### Task directions
Please transcribe the data below in full, word for word, without the images.

### Data extract
>>
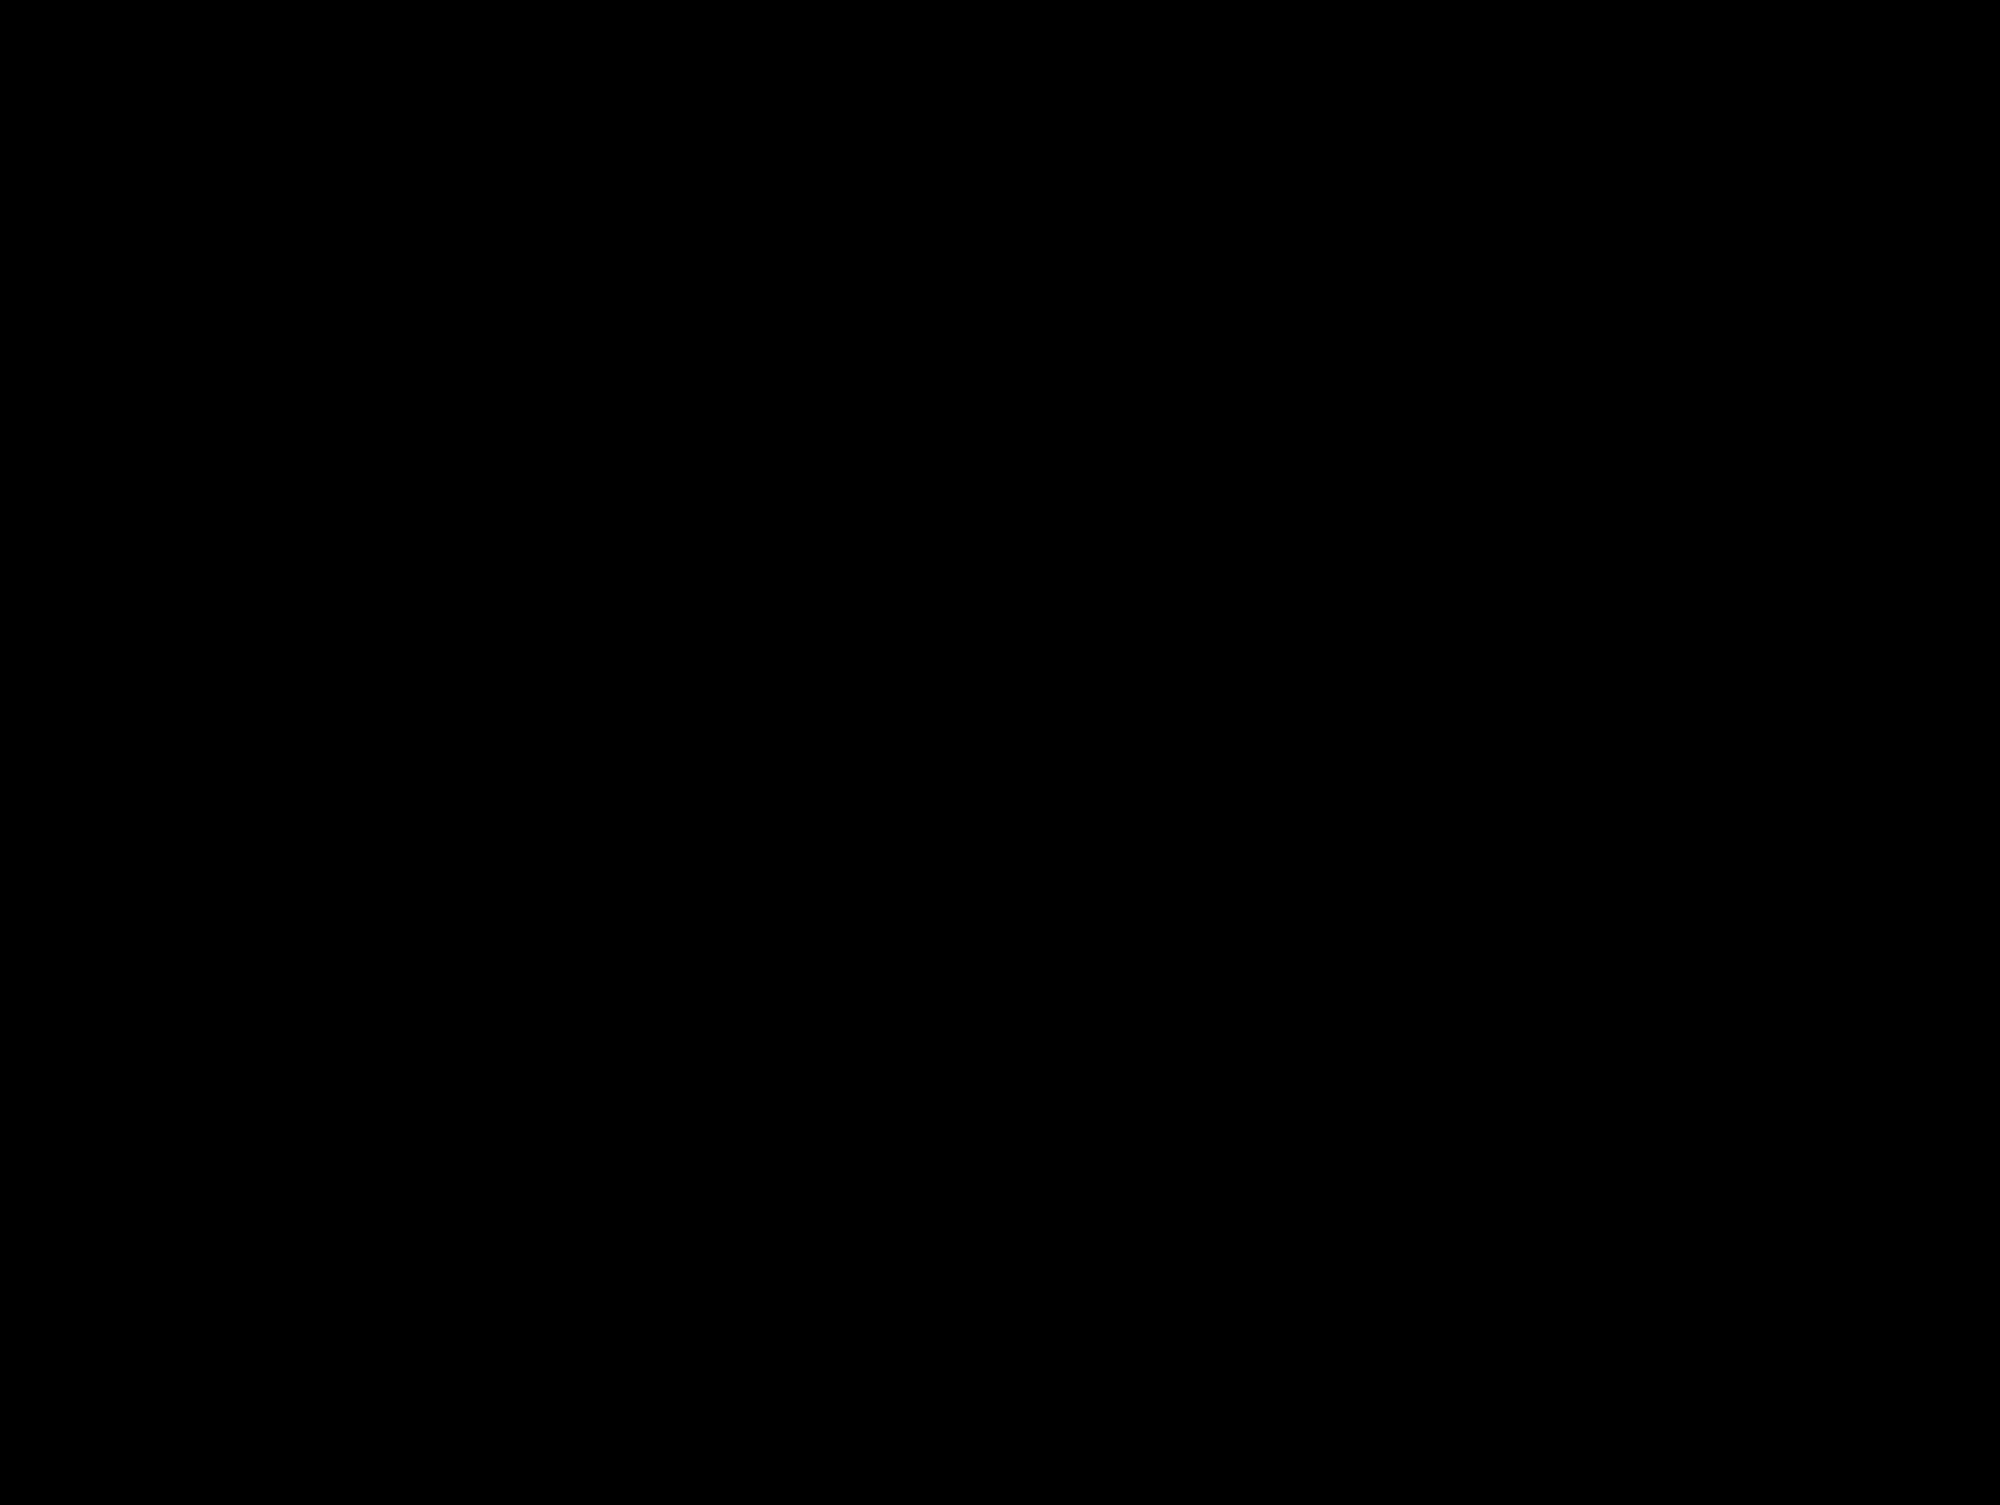 4 pkn. Dråpefrisk Citruspresse
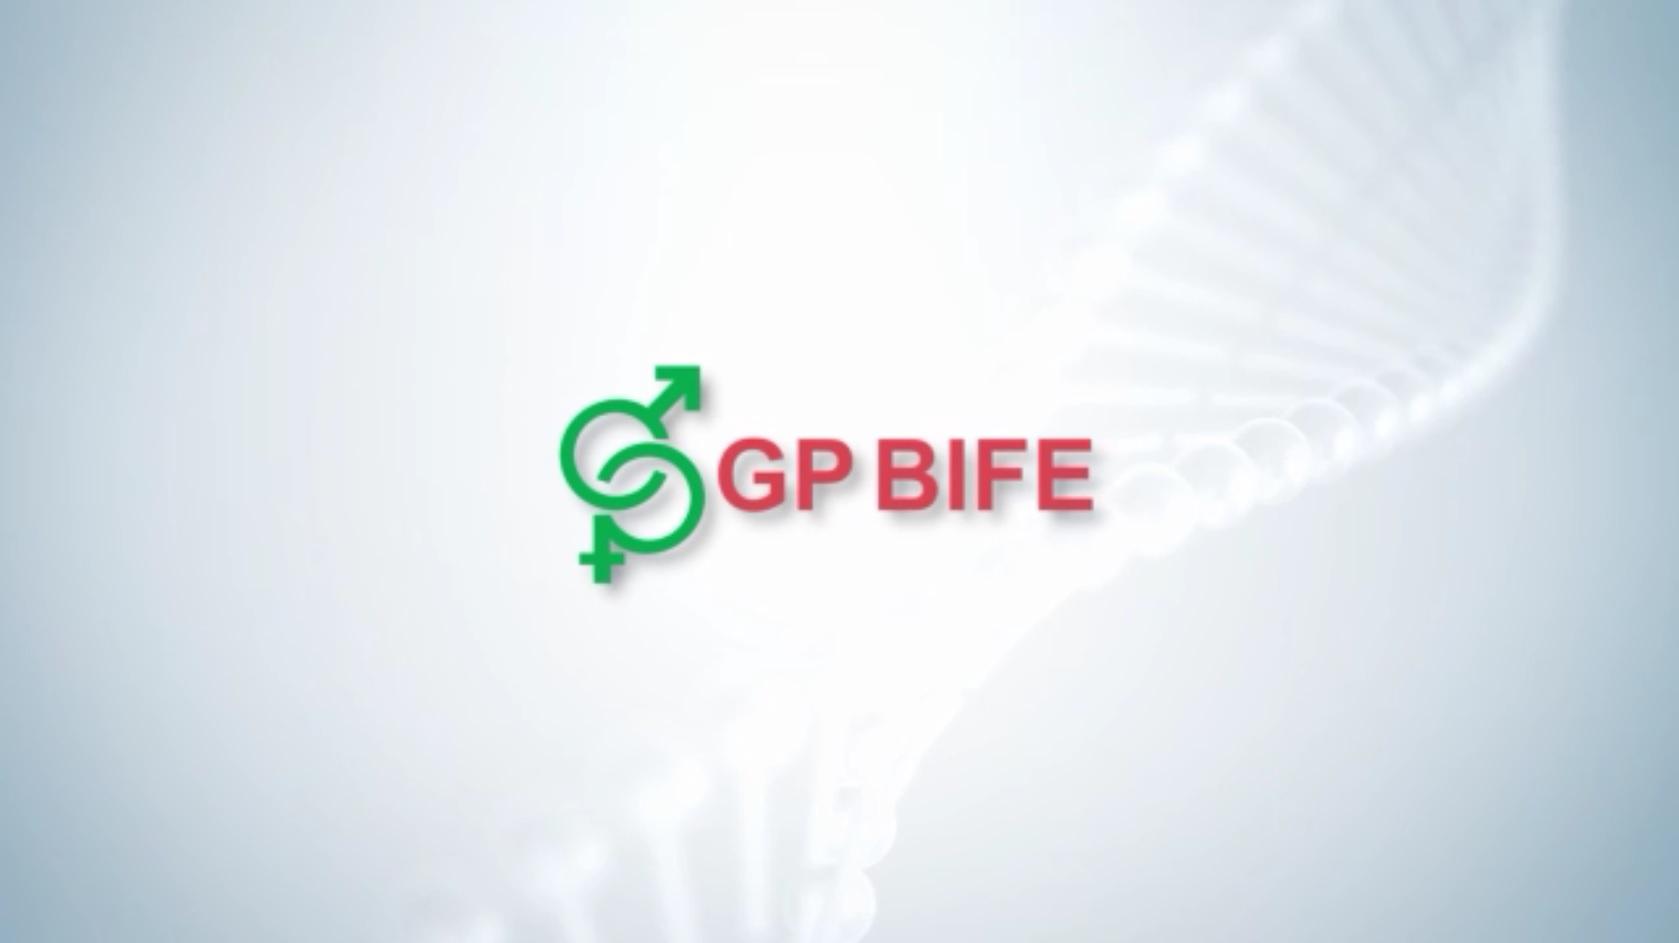 gpbife
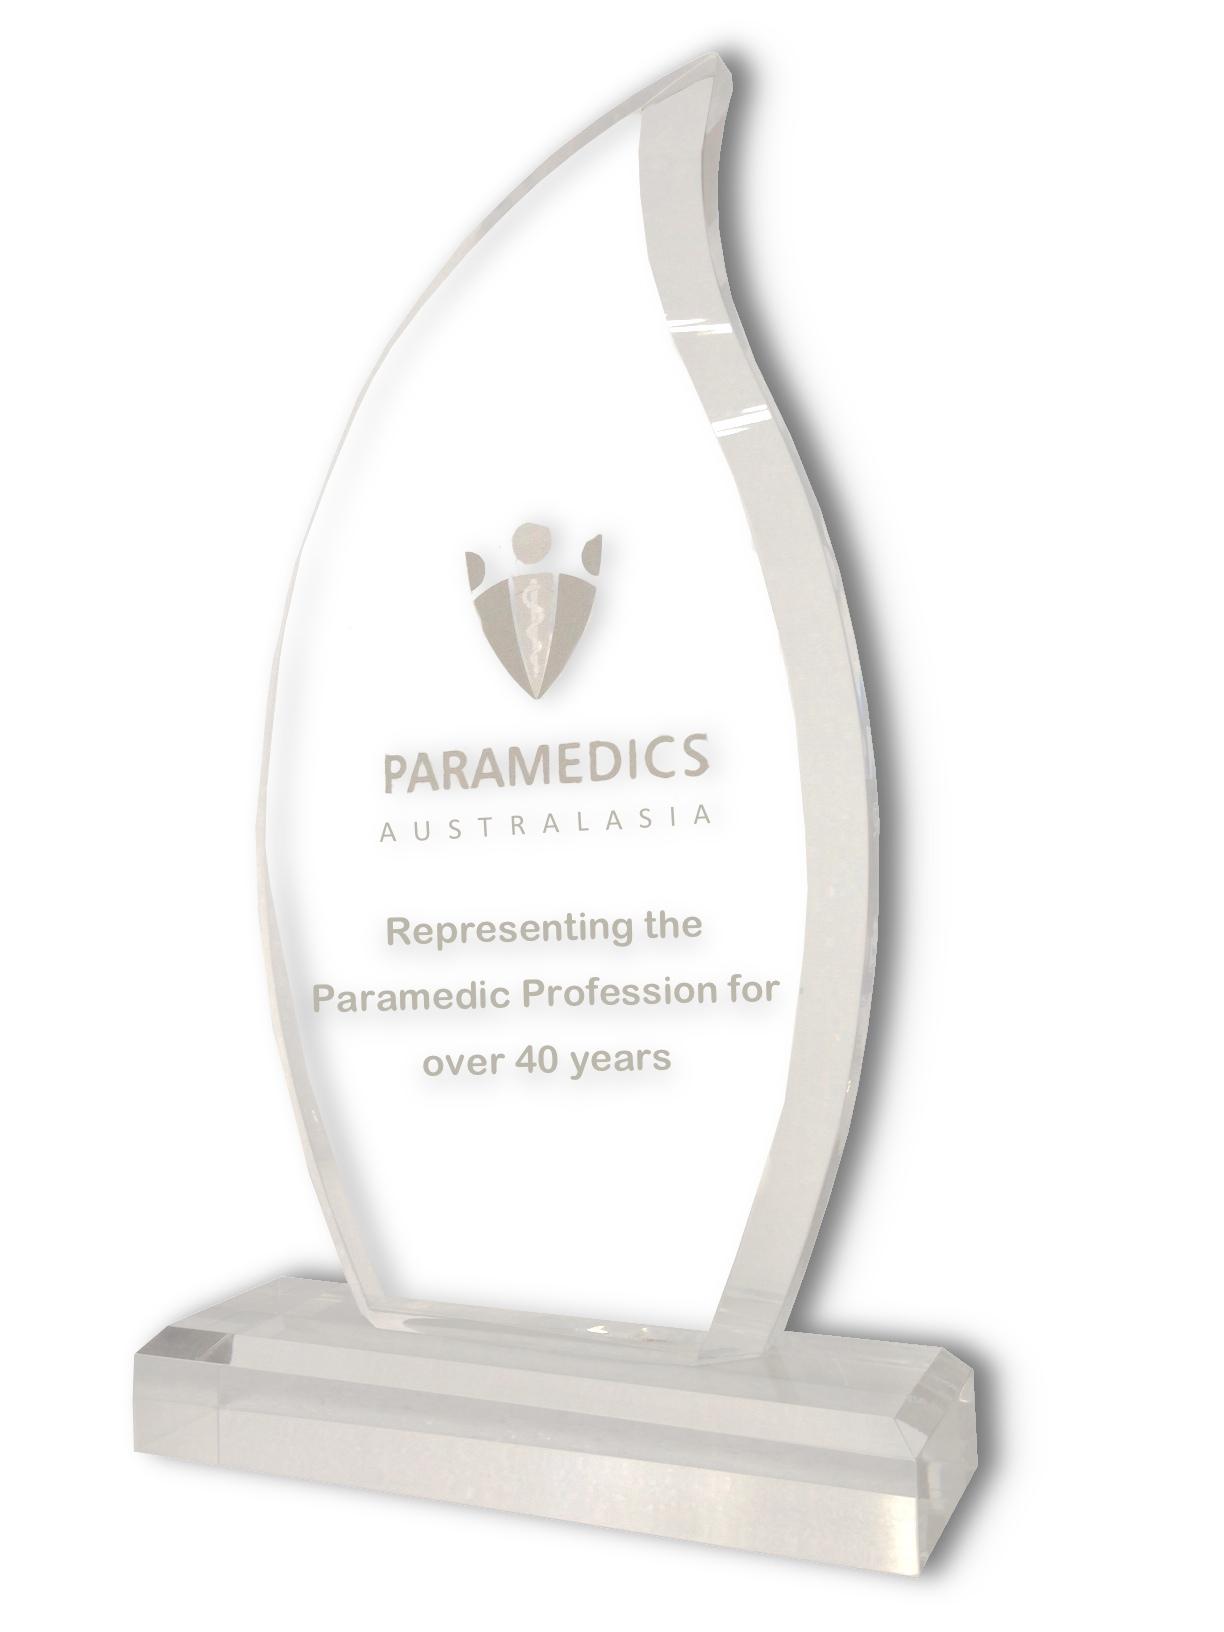 Paramedics Australasia
<<
### Exercise solution
 4 pkn. Dråpefrisk Citruspresse
 gpbife
 Paramedics Australasia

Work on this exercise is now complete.